WORK ORDER: Repeat what the lines below say, word for word, and skip every image.

RECORDED DATA:
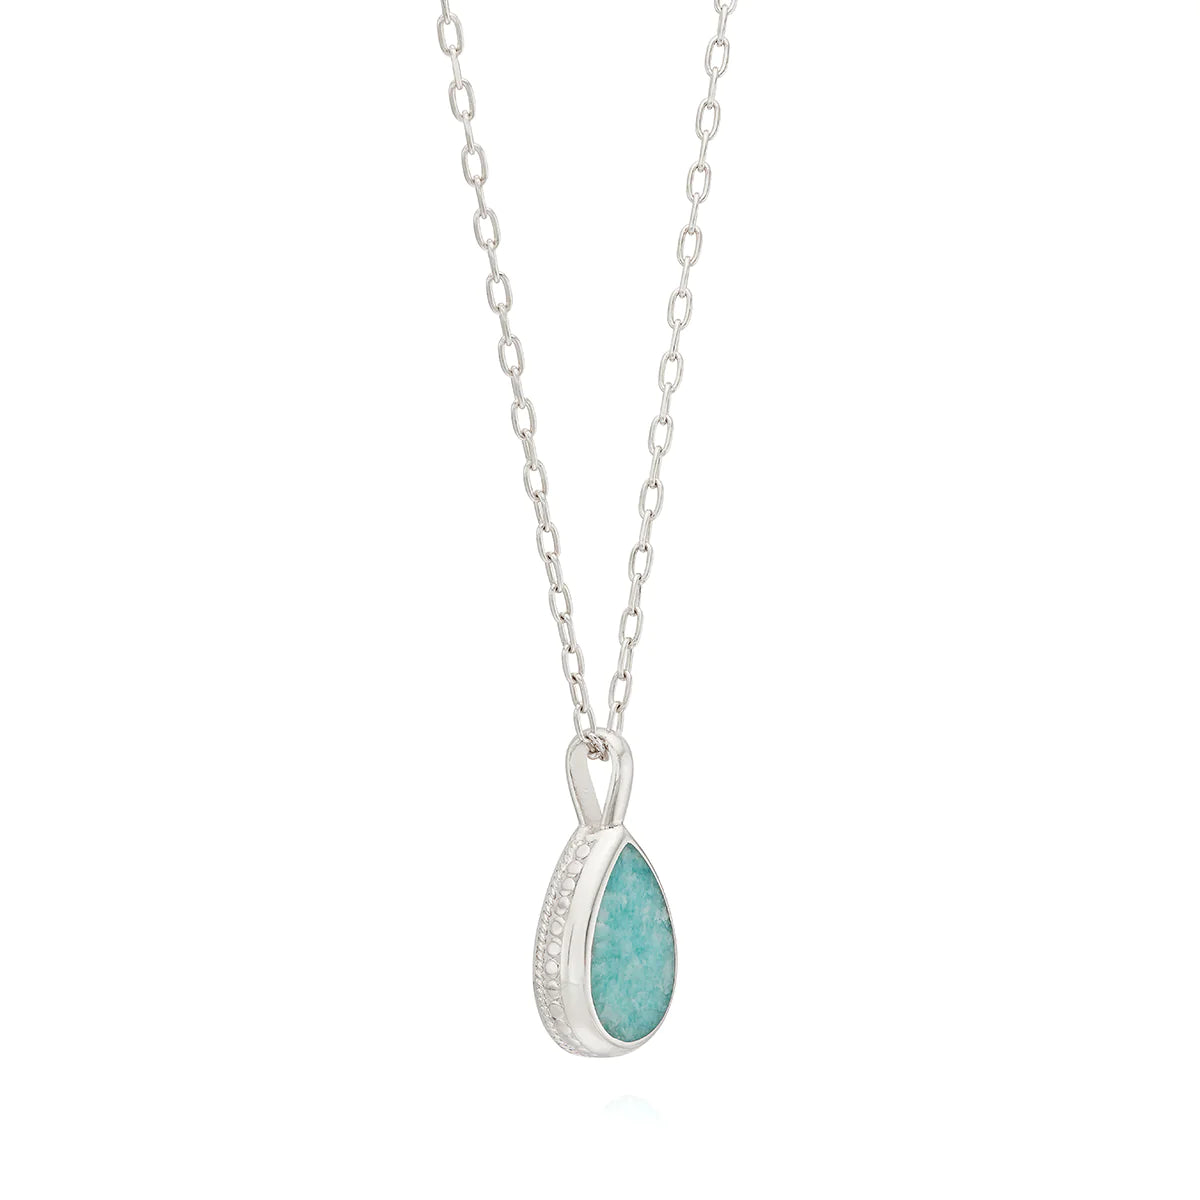 Silver teardrop pendant Amazonite pendant necklaceSilver and Amazonite teardrop pendant necklace
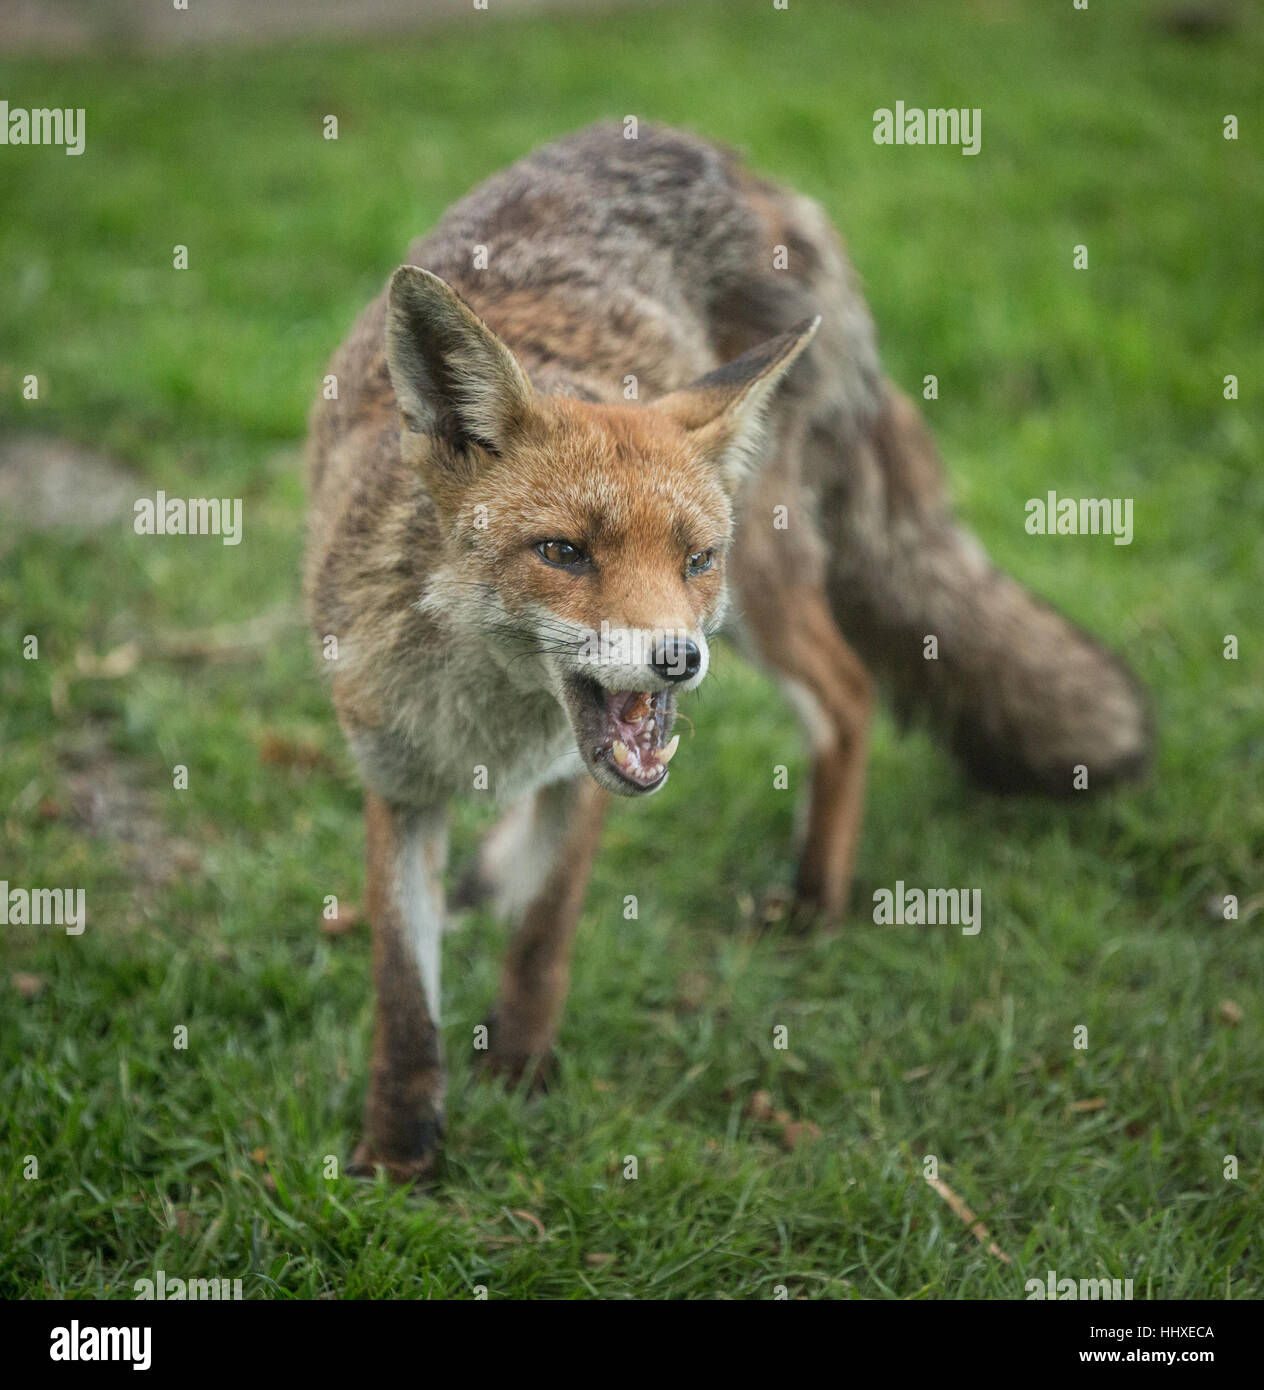 British common fox in someones back garden in an urban area Stock Photo
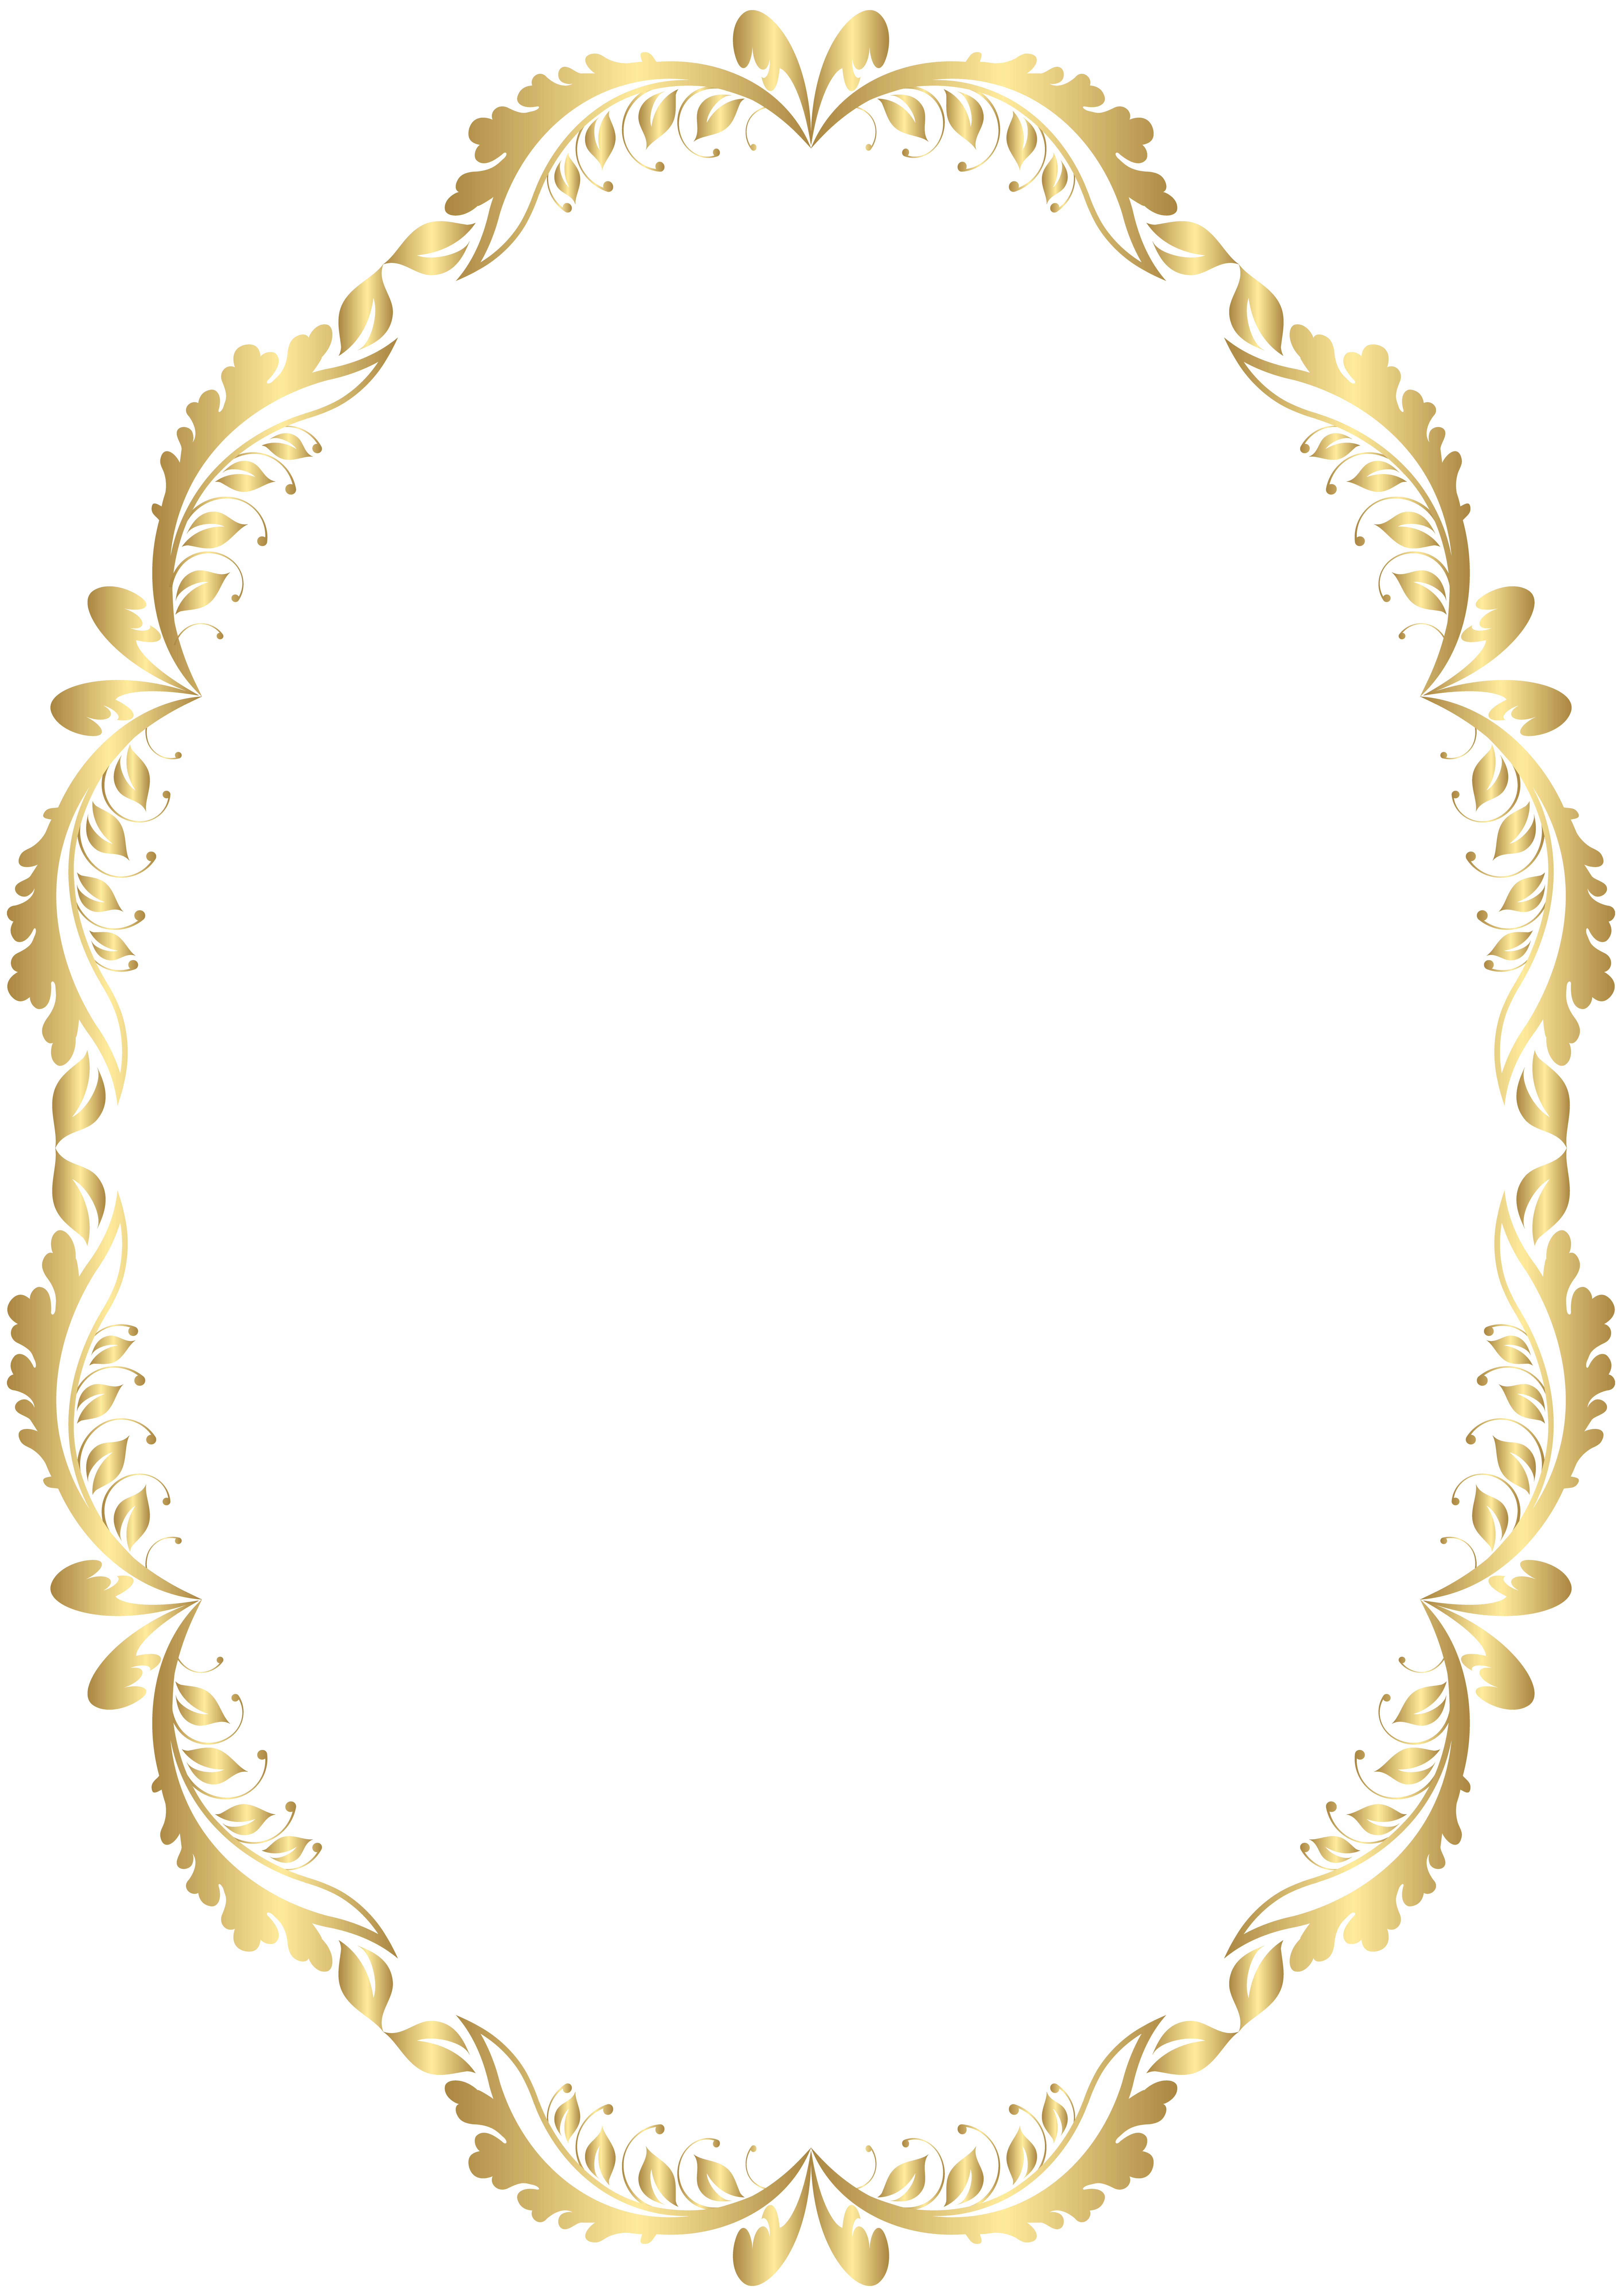 Groom clipart ball chain. Golden oval border transparent

TASK RESPONSE:
 Silver teardrop pendant Amazonite pendant necklaceSilver and Amazonite teardrop pendant necklace
 British common fox in someones back garden in an urban area Stock Photo
 Groom clipart ball chain. Golden oval border transparent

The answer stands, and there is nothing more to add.